_PROBLEM_:
Please return every record exactly as written, leaving out the pictures.

_INPUT RECORDS_:
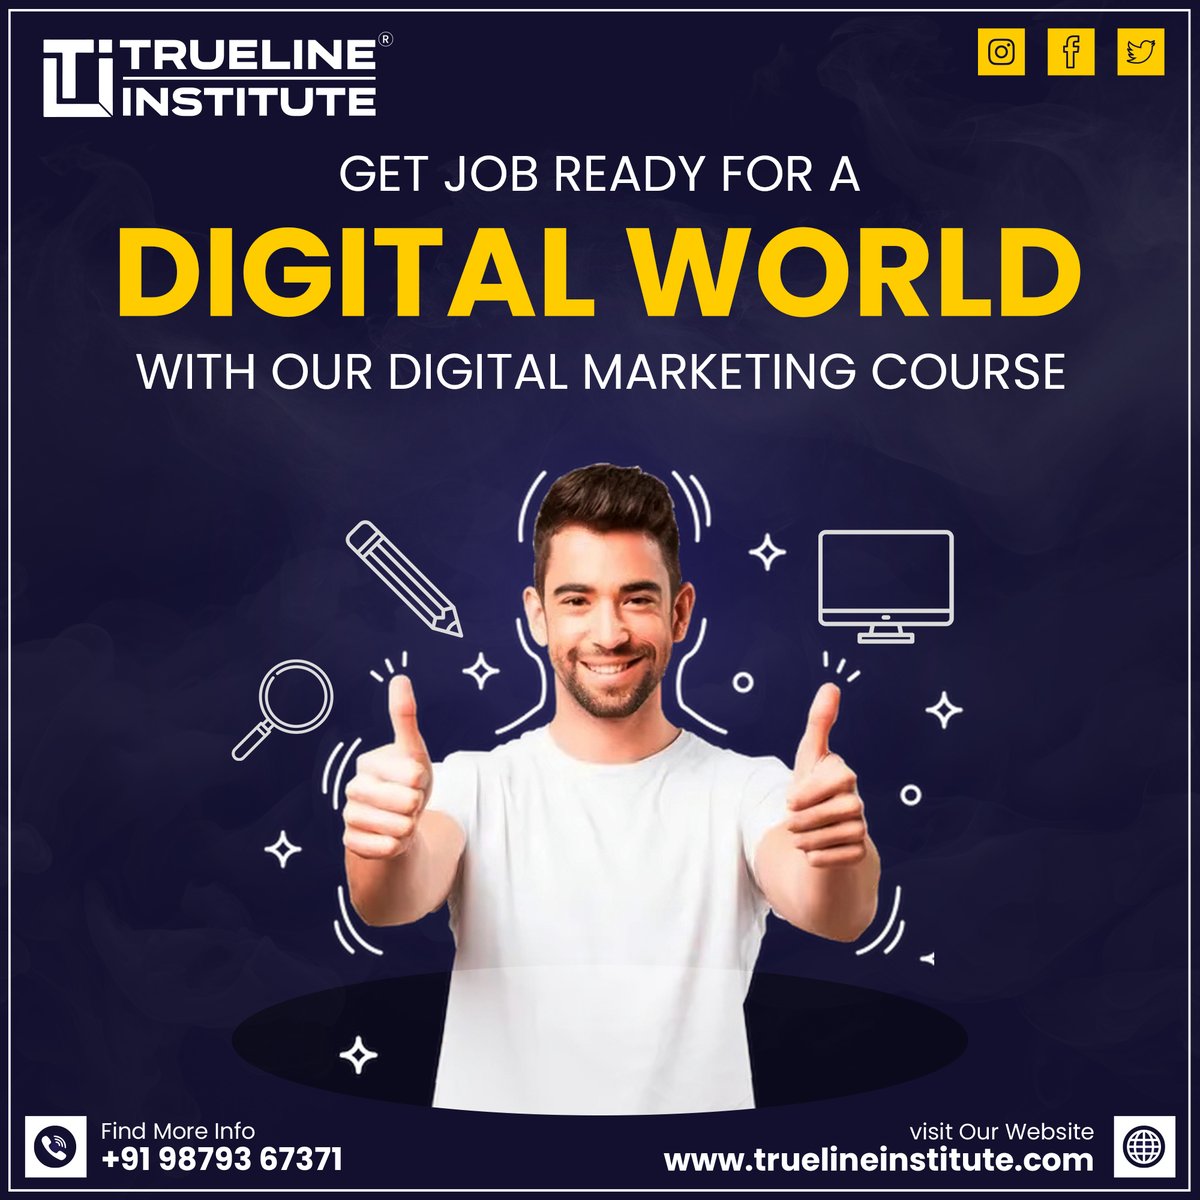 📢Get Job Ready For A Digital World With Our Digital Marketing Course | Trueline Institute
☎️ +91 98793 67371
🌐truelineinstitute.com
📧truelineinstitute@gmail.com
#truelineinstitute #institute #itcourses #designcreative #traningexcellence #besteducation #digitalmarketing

_ANSWER_:
 📢Get Job Ready For A Digital World With Our Digital Marketing Course | Trueline Institute
☎️ +91 98793 67371
🌐truelineinstitute.com
📧truelineinstitute@gmail.com
#truelineinstitute #institute #itcourses #designcreative #traningexcellence #besteducation #digitalmarketing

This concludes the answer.